Input: Gross Room Revenue Projections
Rate: Fixed at 30% for 2026 estimates
Impact: Reduces Net ADR realization
Cutting Commission Drag
Managing this cost means shifting bookings from agents to your own channels where you control the fee structure. High commission environments punish profitability fast, especially when occupancy is low. Focus marketing spend on driving direct bookings to capture the full ADR.
Benchmark: Aim for direct bookings above 60%
Avoid: Over-relying on high-commission OTAs
Tactic: Offer loyalty perks for direct reservations
Net ADR Reality
Remember that your advertised ADR is not what you collect. If you sell a room for $500 but pay a 30% commission, your revenue contribution from that booking is only $350 before operating costs. This margin compression must be built into pricing strategy now.
Running Cost 7
: Software & Legal
Fixed Admin Overhead
Your fixed monthly administrative overhead for essential software and compliance is $8,000. This covers $5,000 for necessary platform access and $3,000 for ongoing legal and accounting support needed to manage the resort's complex revenue streams.
Cost Breakdown
This $8,000 covers core operational software, like property management systems, plus the retainer for external counsel. You need quotes for the legal retainer and subscription lists for software costs. If you add more services, this number grows defintely.
Software: $5,000 monthly subscription fees.
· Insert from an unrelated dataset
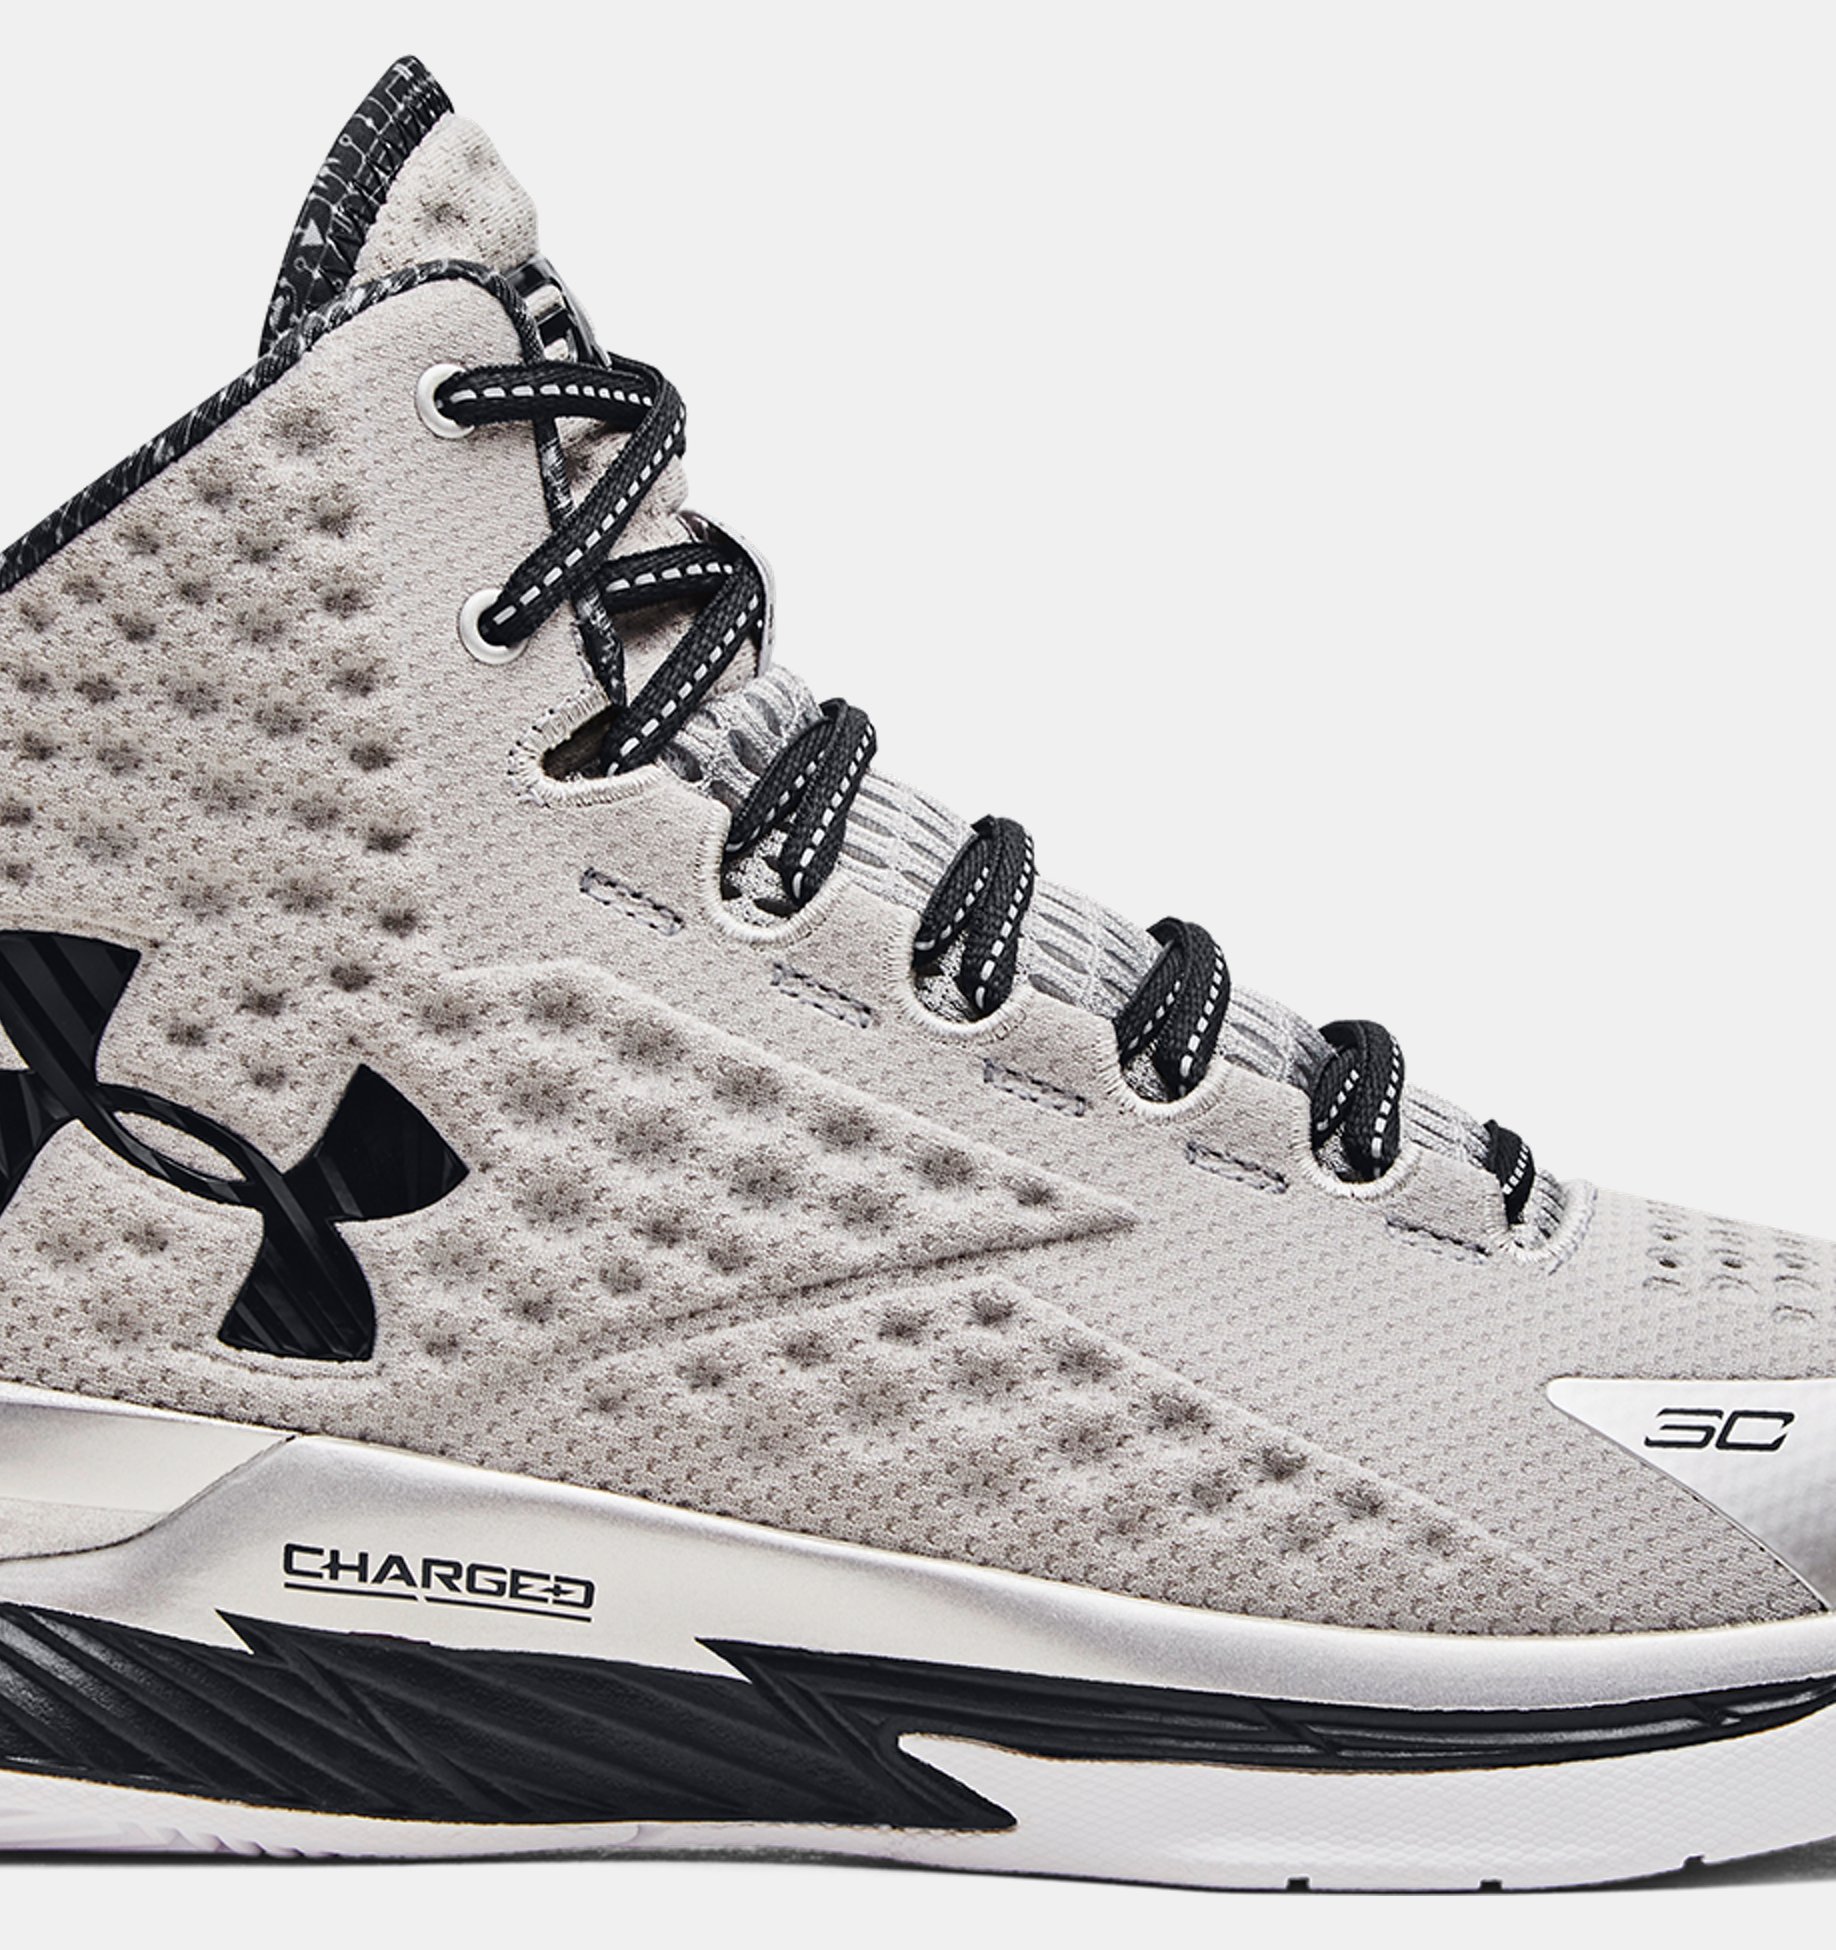 Where to Buy Stephen Curry Under Armour Shoes?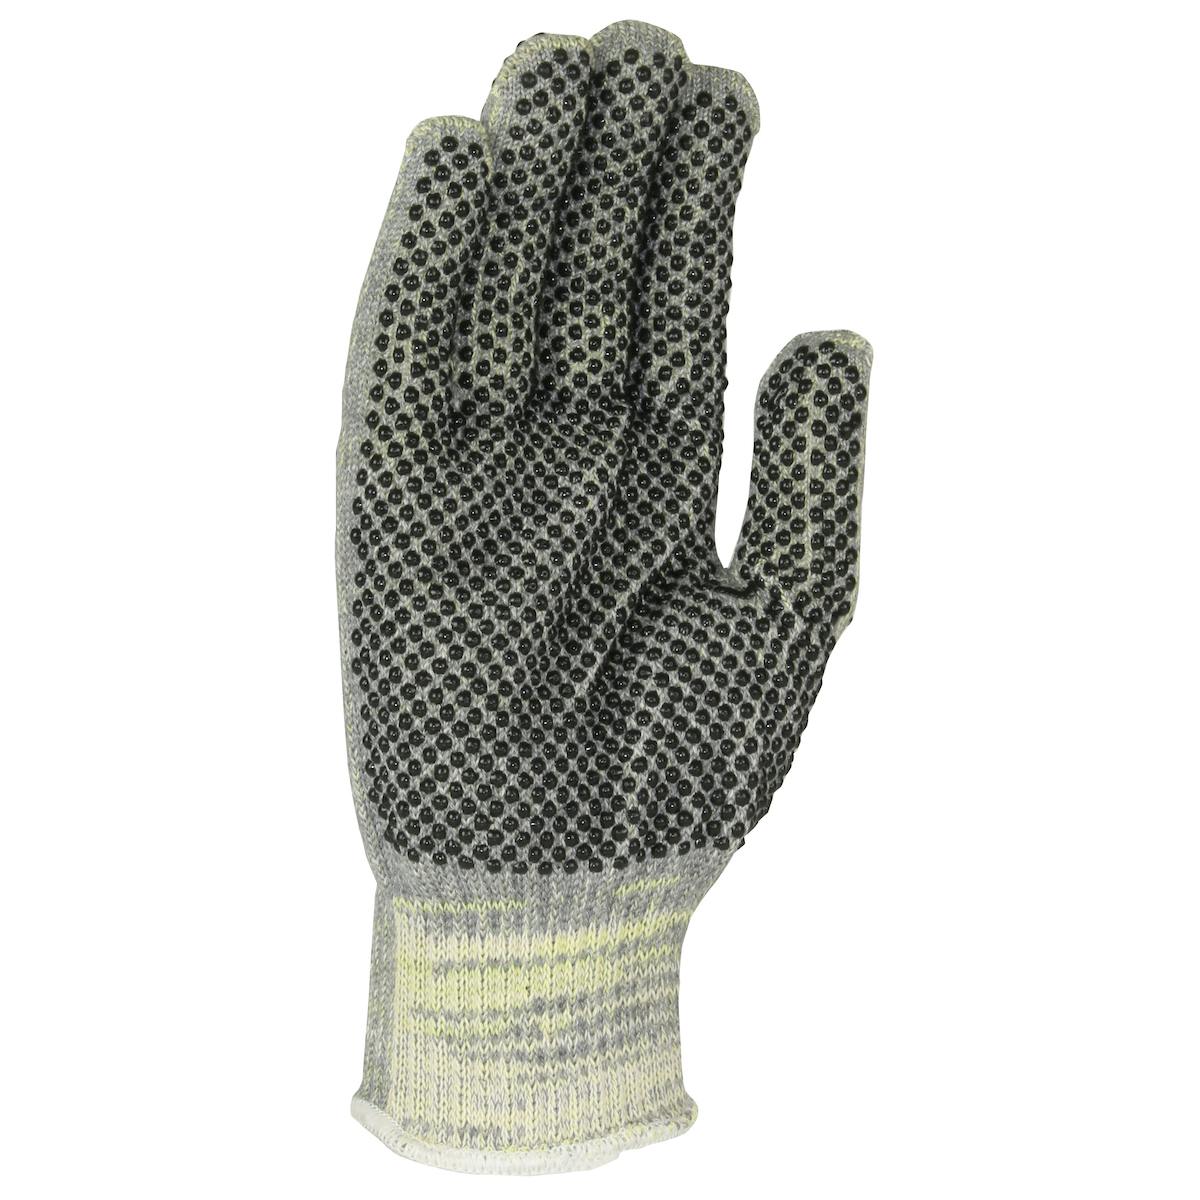 Kut Gard® Seamless Knit ATA® Blended Glove with Double-Sided PVC Dot Grip (MATA10-GY-PD2)

Legal/Accounting: $3,000 retainer.
Total fixed admin: $8,000.
Cost Control Tactics
Review software licenses annually against actual usage; many resorts overpay for unused seats. For legal work, shift from a high monthly retainer to a pay-as-you-go structure after initial setup. Compliance is non-negotiable here.
Audit unused software seats now.
Benchmark legal costs against industry peers.
Avoid scope creep in retainer agreements.
Fixed Burden
Since this $8,000 is fixed, it must be covered regardless of the 580% occupancy rate or room nights sold. Focus on keeping ancillary revenue high enough to absorb this overhead easily before scaling payroll or inventory costs.